Data block:

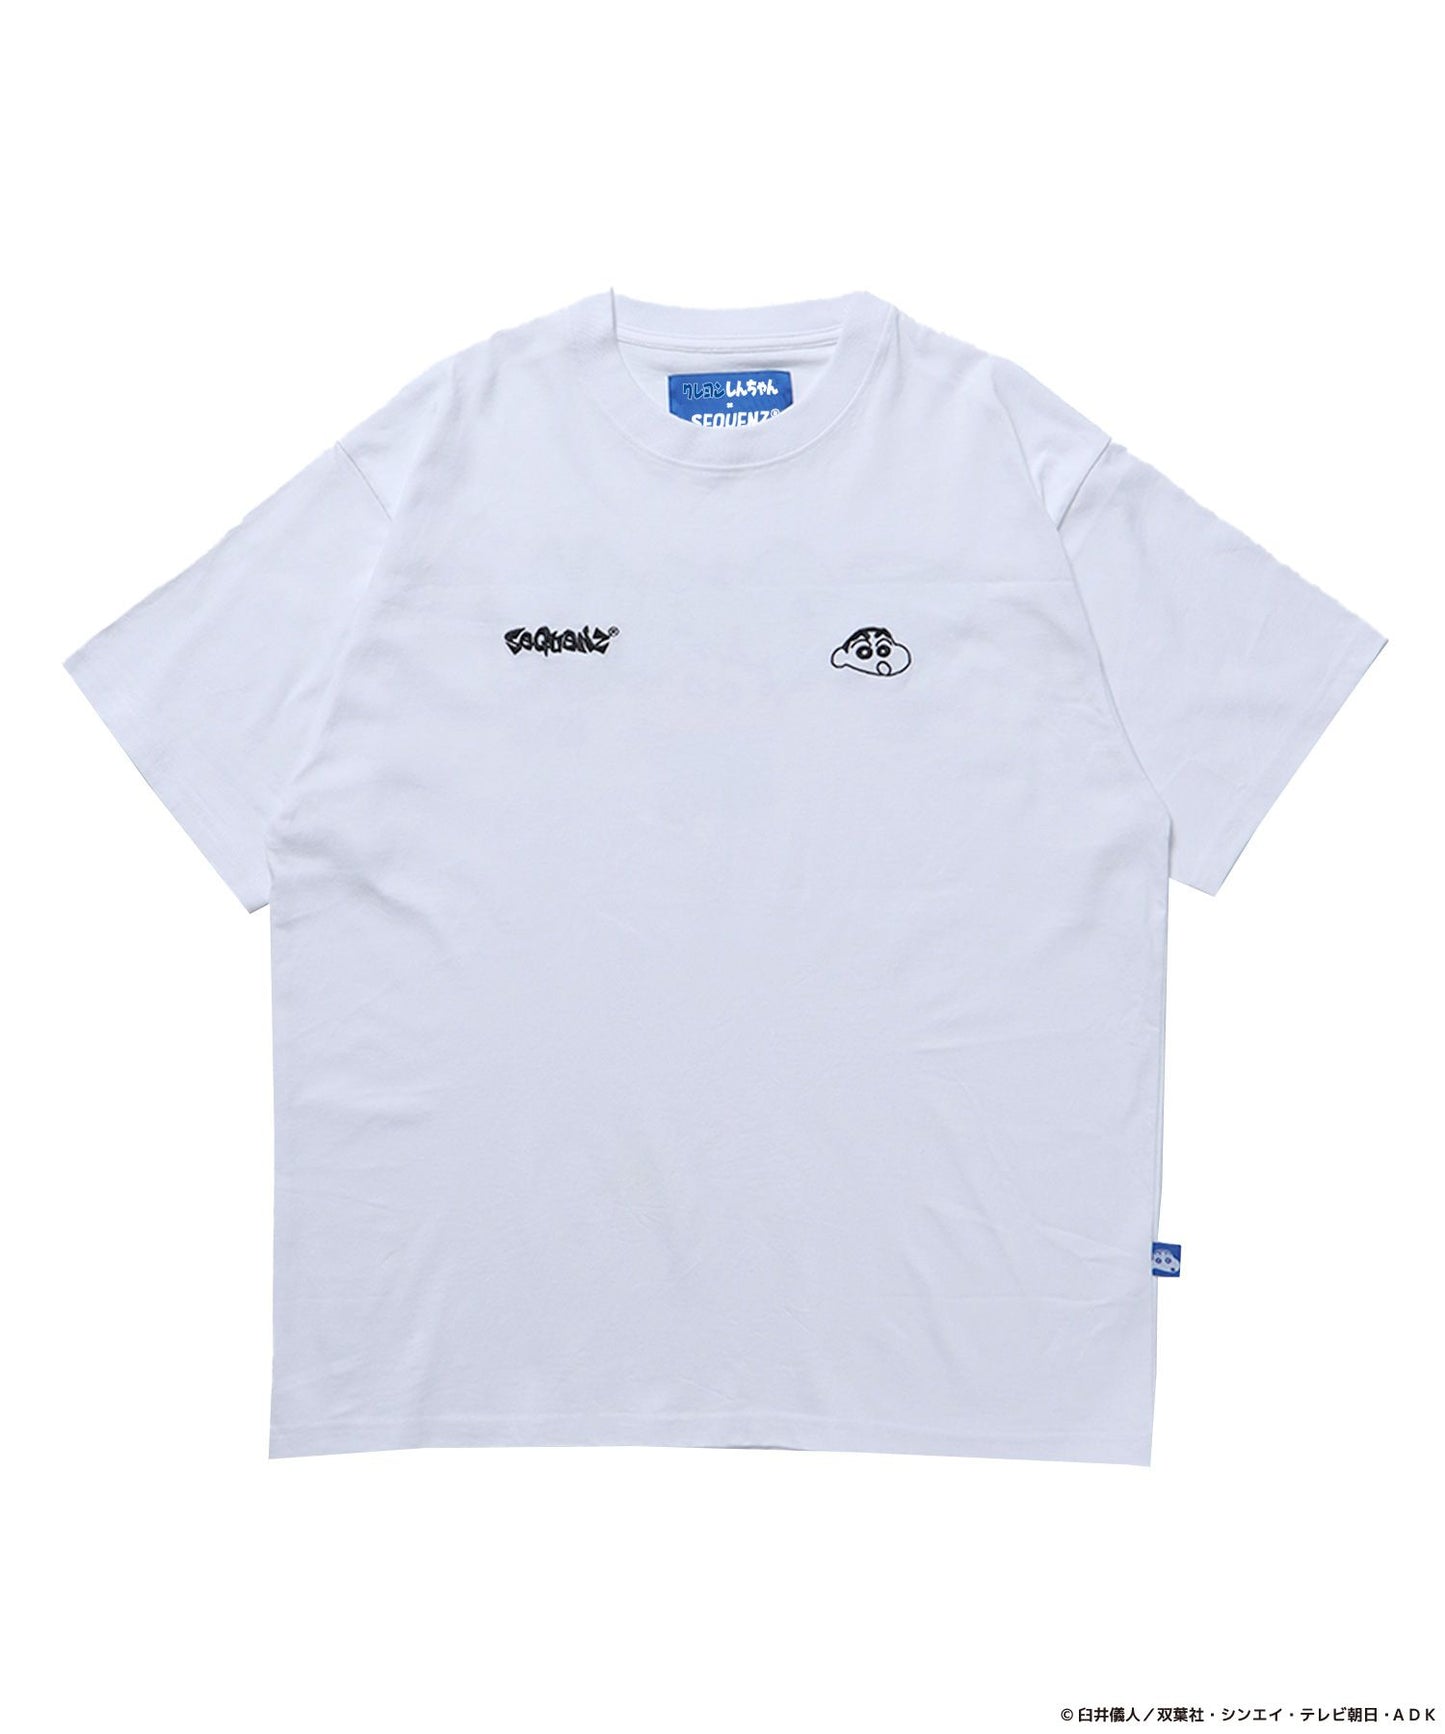 【SEQUENZ】CS×SQNZ GRAFFITI S/S TEE / クレヨンしんちゃん 半袖Tシャツ クルーネック ワンポイント バックプリント 刺繍  ホワイト
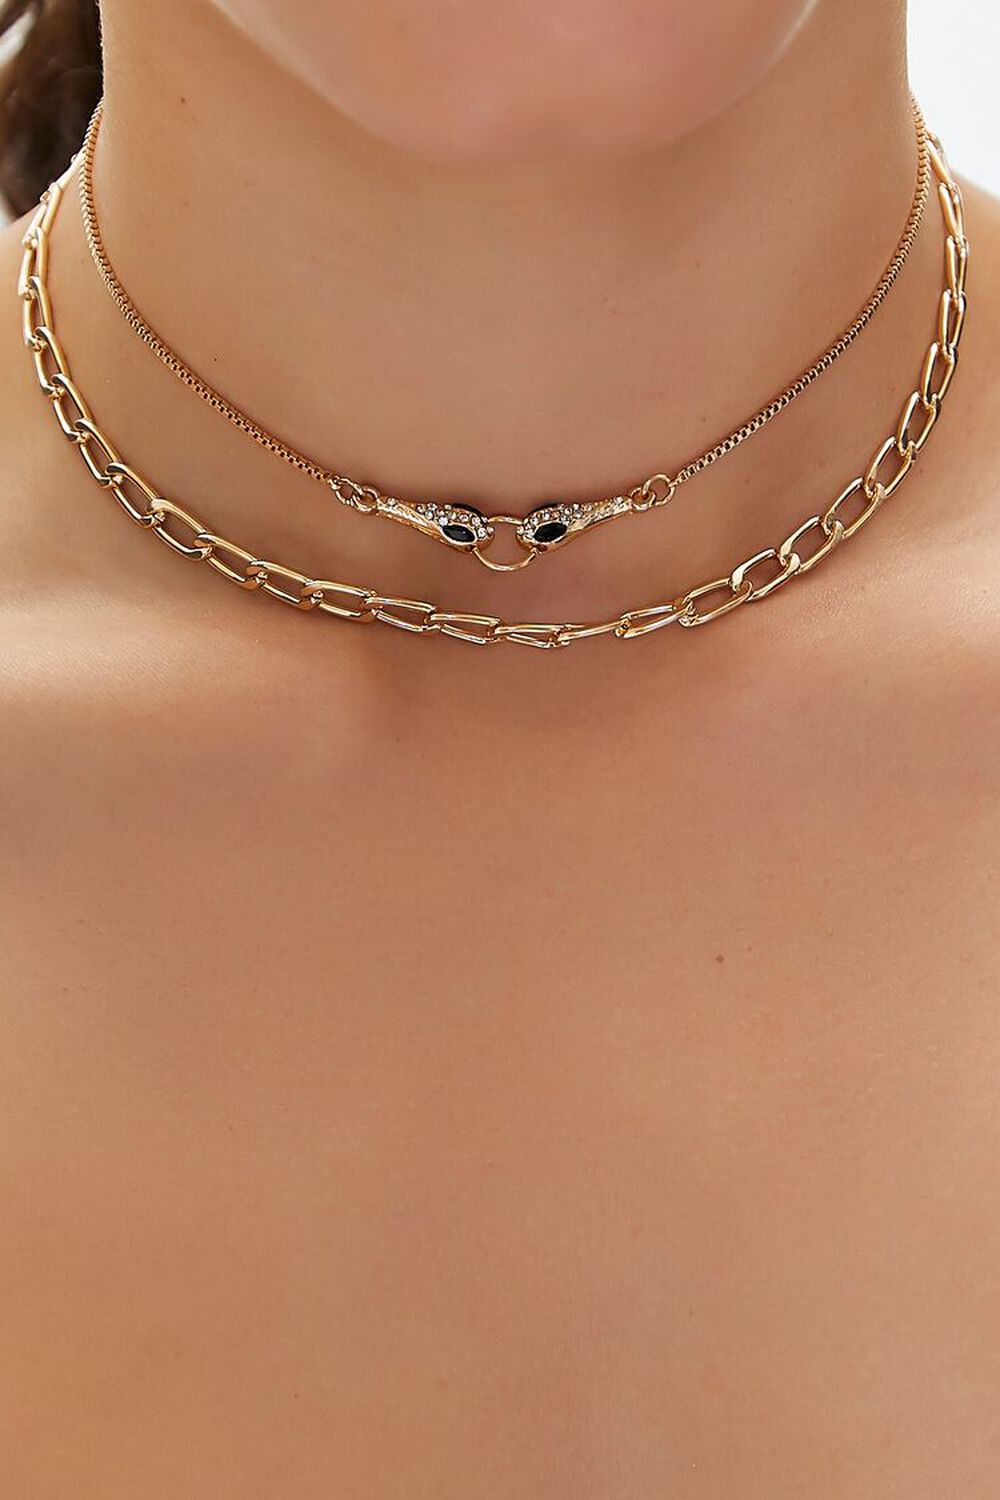 GOLD Rhinestone Snake Choker Necklace Set, image 1
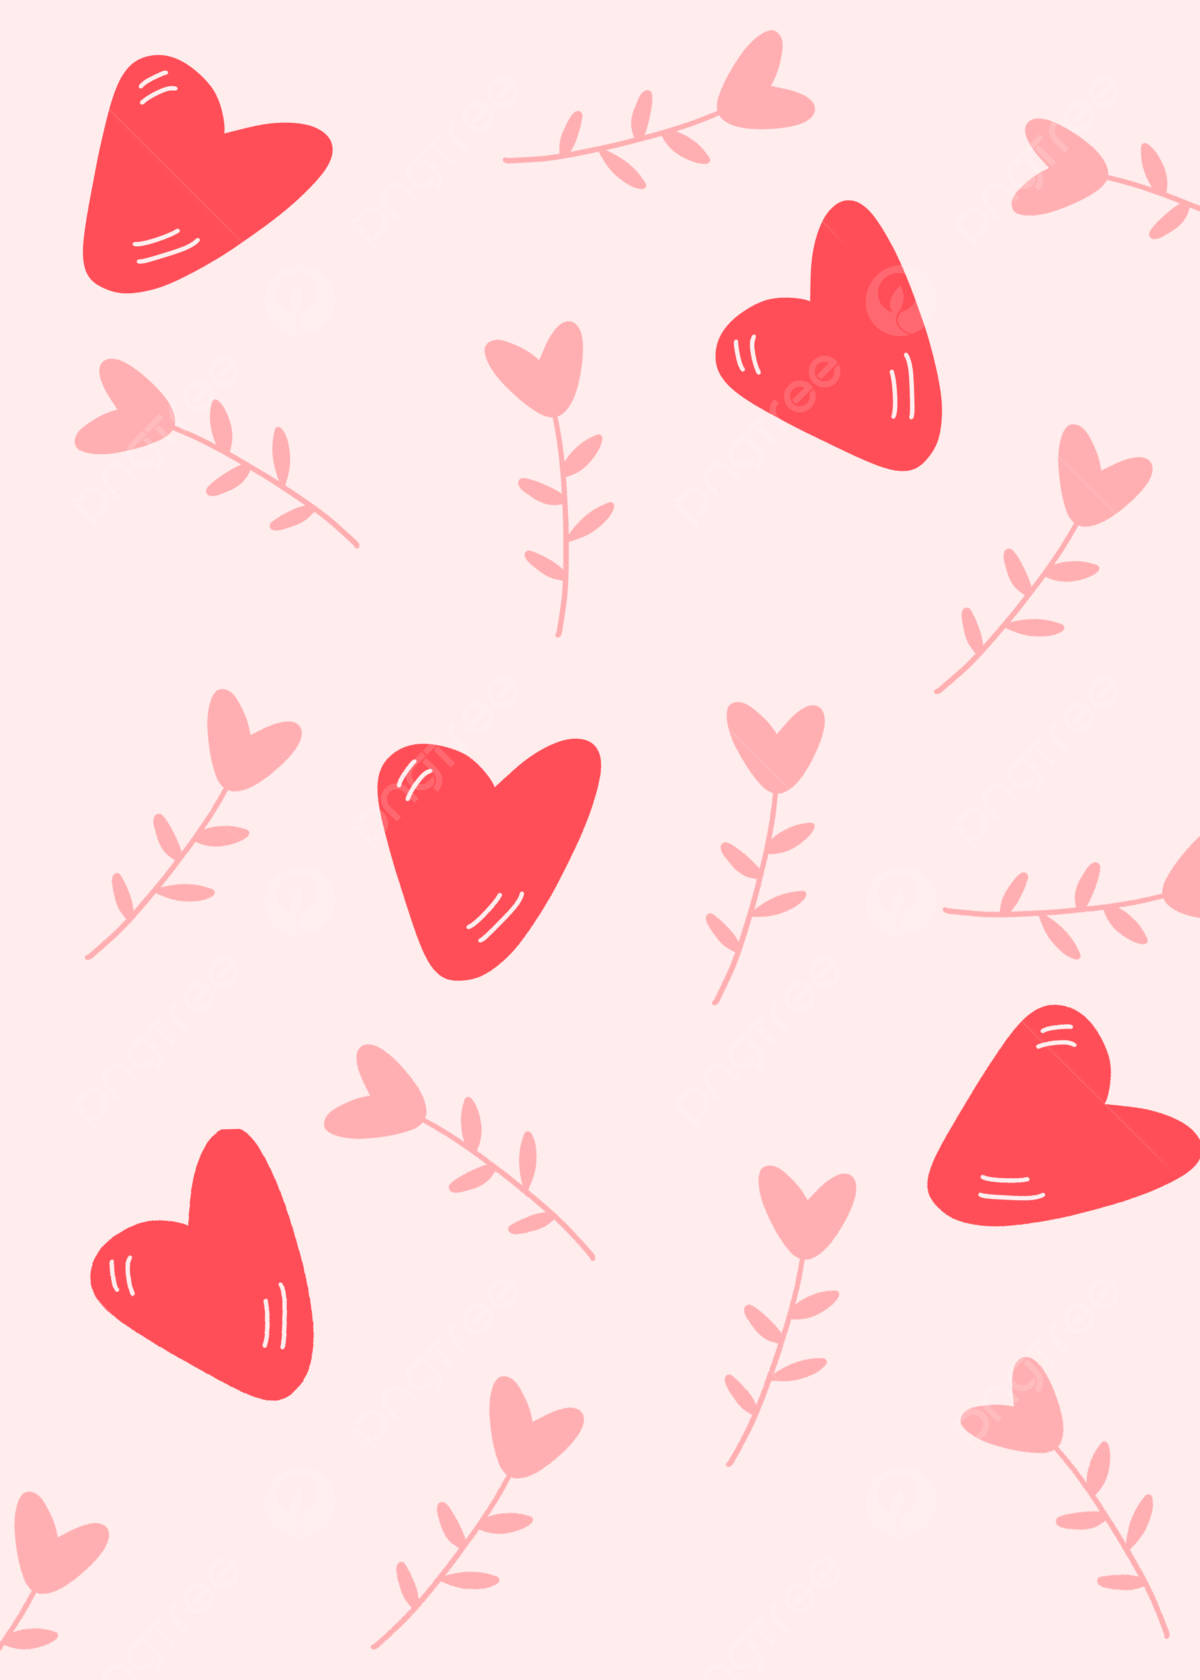 Feieredie Jahreszeit Der Liebe Mit Einem Wunderschönen Tumblr-valentinstags-hintergrundbild. Wallpaper

What to work on:
Output all of the data exactly. Skip the pictures.

Reply:
 【SEQUENZ】CS×SQNZ GRAFFITI S/S TEE / クレヨンしんちゃん 半袖Tシャツ クルーネック ワンポイント バックプリント 刺繍  ホワイト
 GOLD Rhinestone Snake Choker Necklace Set, image 1
 Feieredie Jahreszeit Der Liebe Mit Einem Wunderschönen Tumblr-valentinstags-hintergrundbild. Wallpaper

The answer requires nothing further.